**Data segment:**
──────

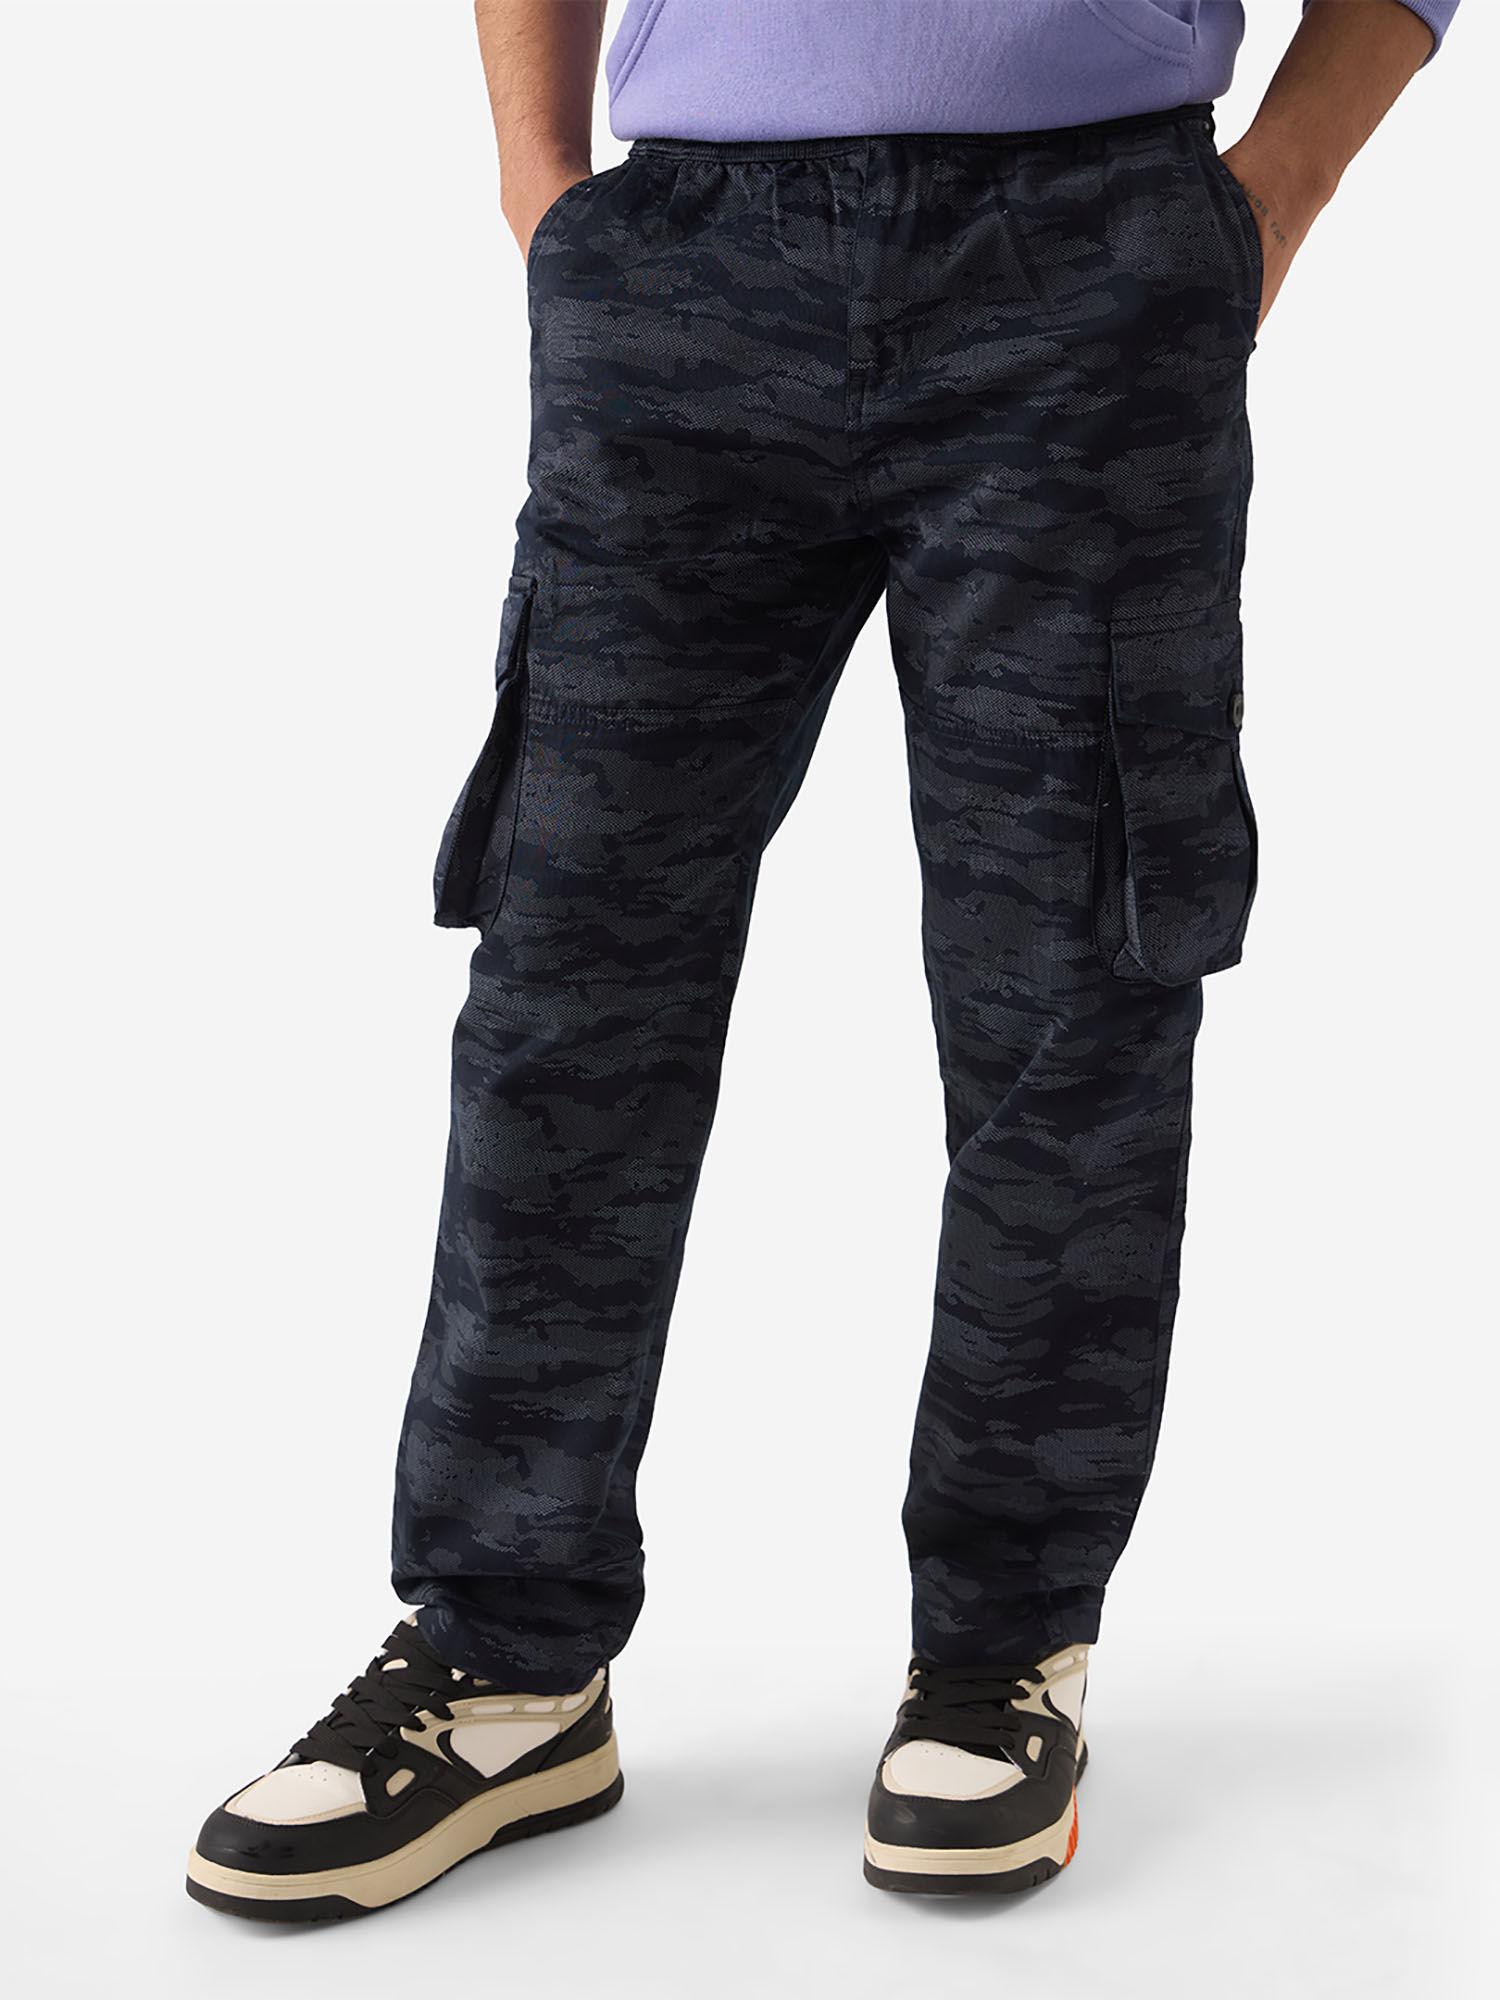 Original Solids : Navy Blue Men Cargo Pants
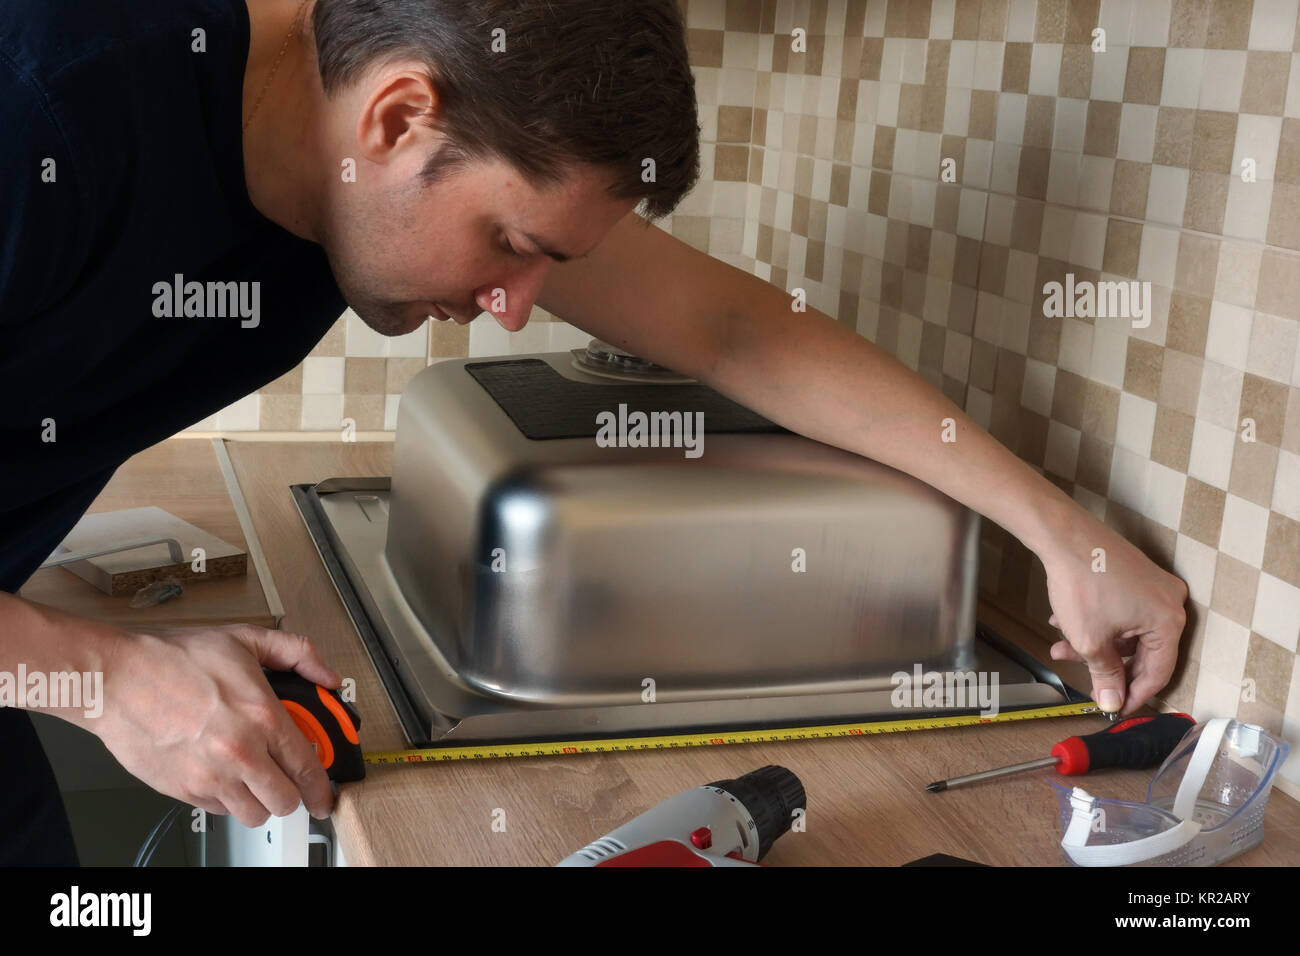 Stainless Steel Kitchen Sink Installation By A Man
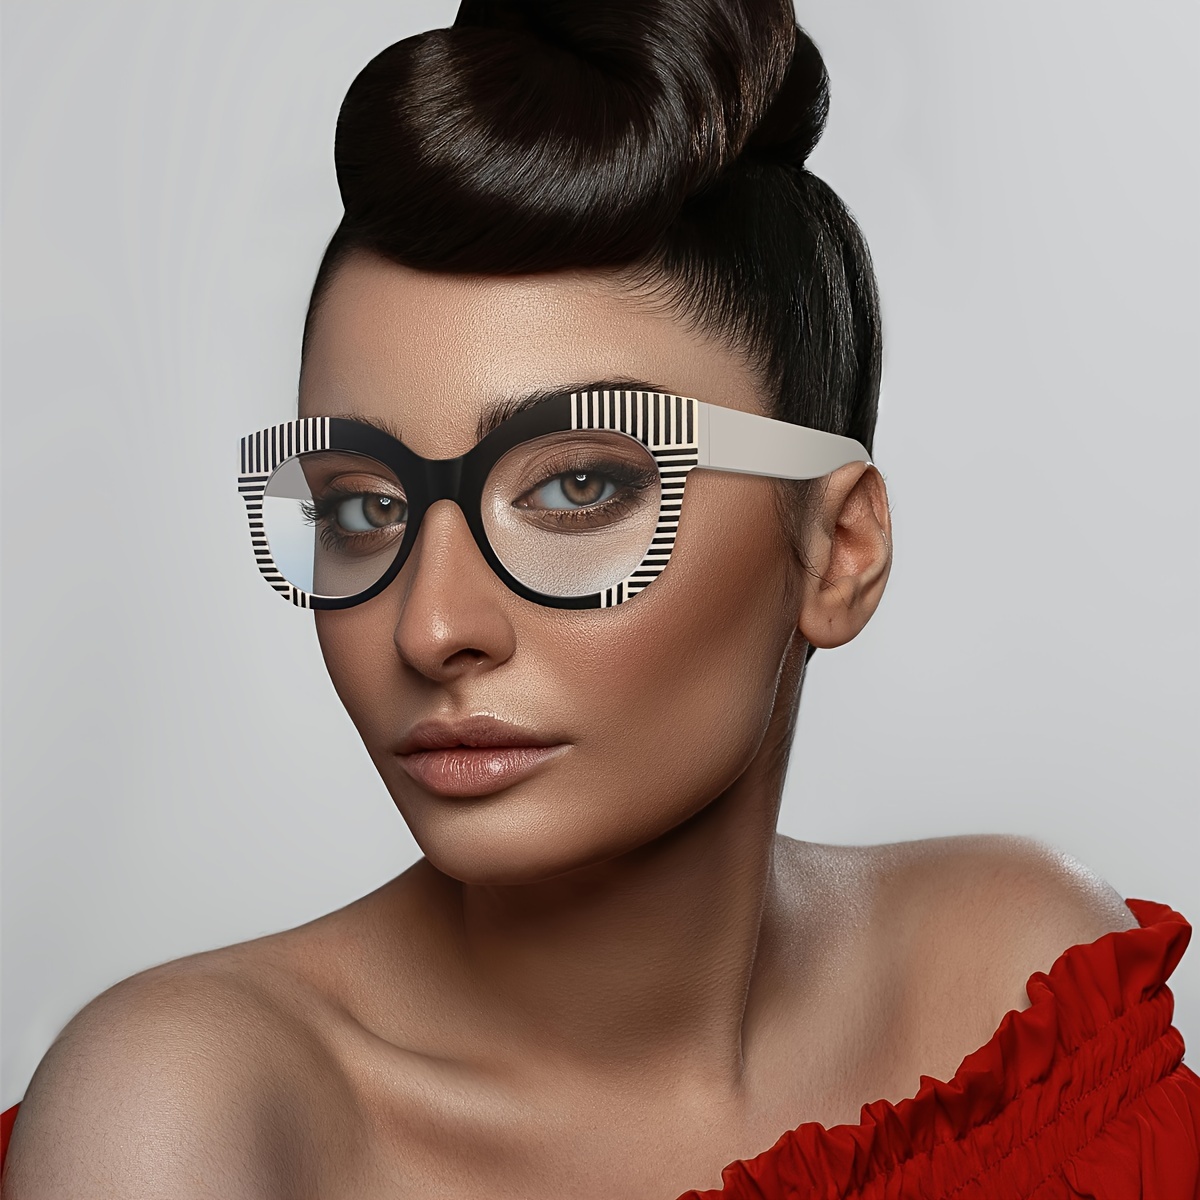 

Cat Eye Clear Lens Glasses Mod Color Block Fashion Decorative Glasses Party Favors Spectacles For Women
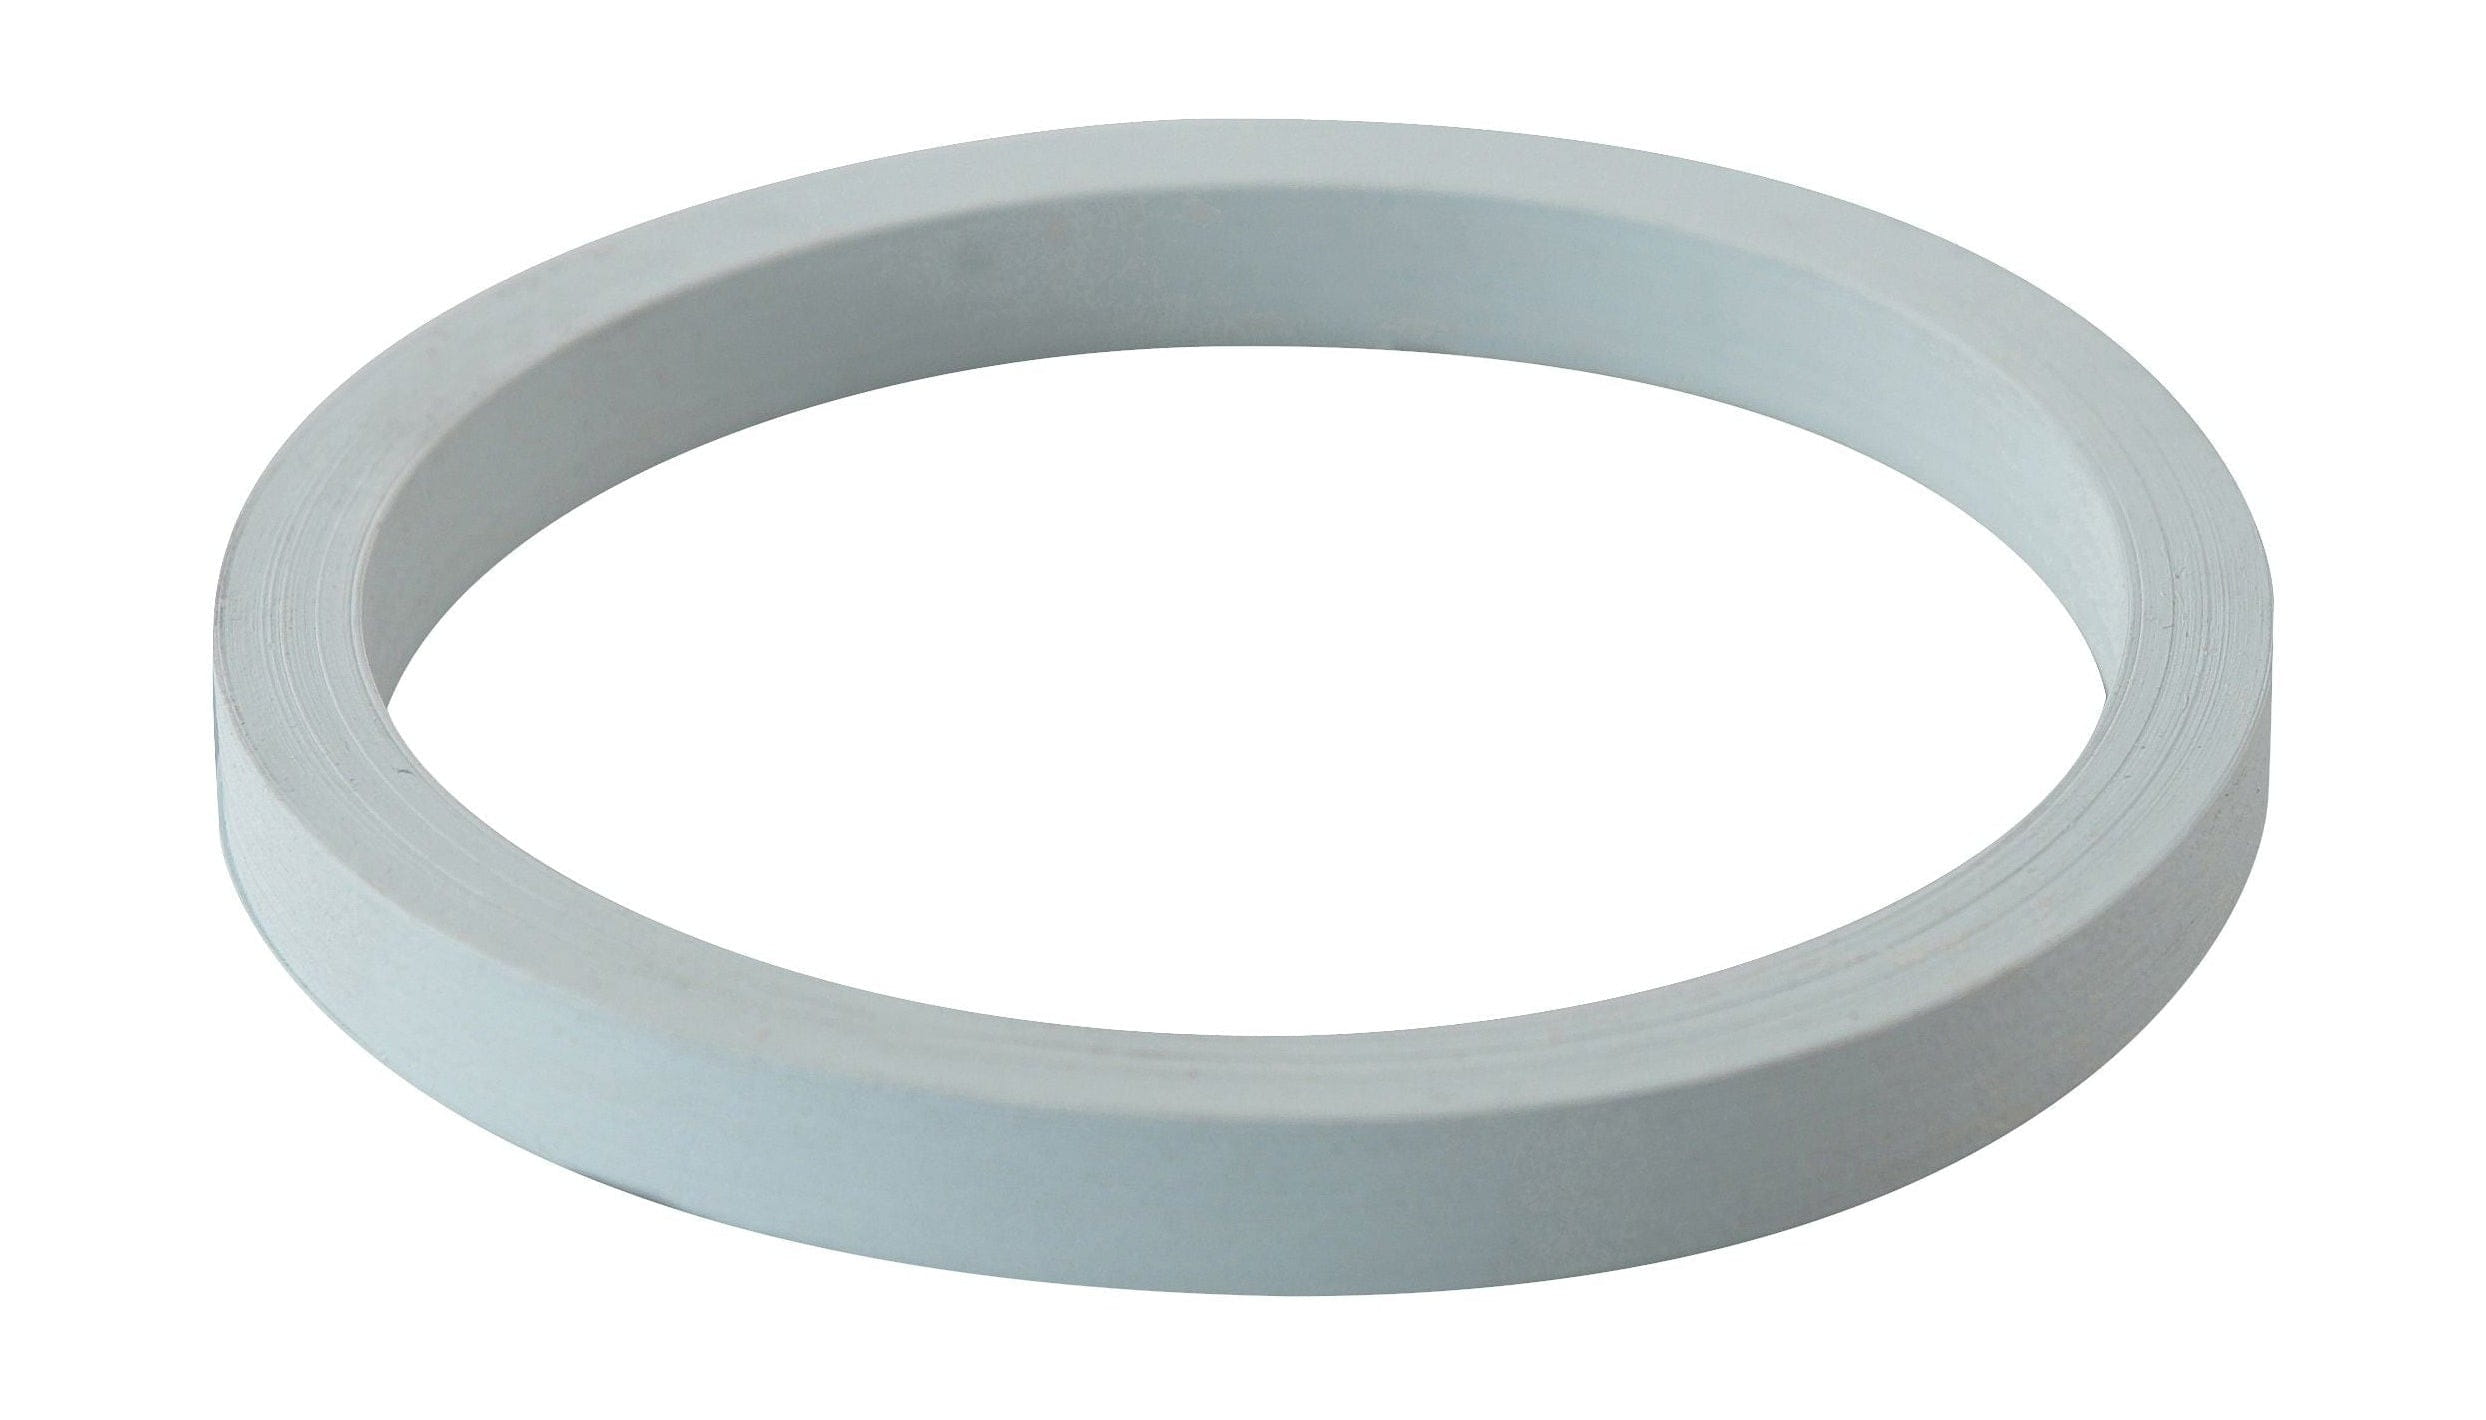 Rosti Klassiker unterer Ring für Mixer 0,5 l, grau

──────

**Task description:** Only the lines from the one that holds "Stainless Steel Kitchen" through the final line of the material should be reproduced, word for word, with the pictures omitted.

**Solution to the problem:**
 Stainless Steel Kitchen Sink Installation By A Man

Cat Eye Clear Lens Glasses Mod Color Block Fashion Decorative Glasses Party Favors Spectacles For Women
 Rosti Klassiker unterer Ring für Mixer 0,5 l, grau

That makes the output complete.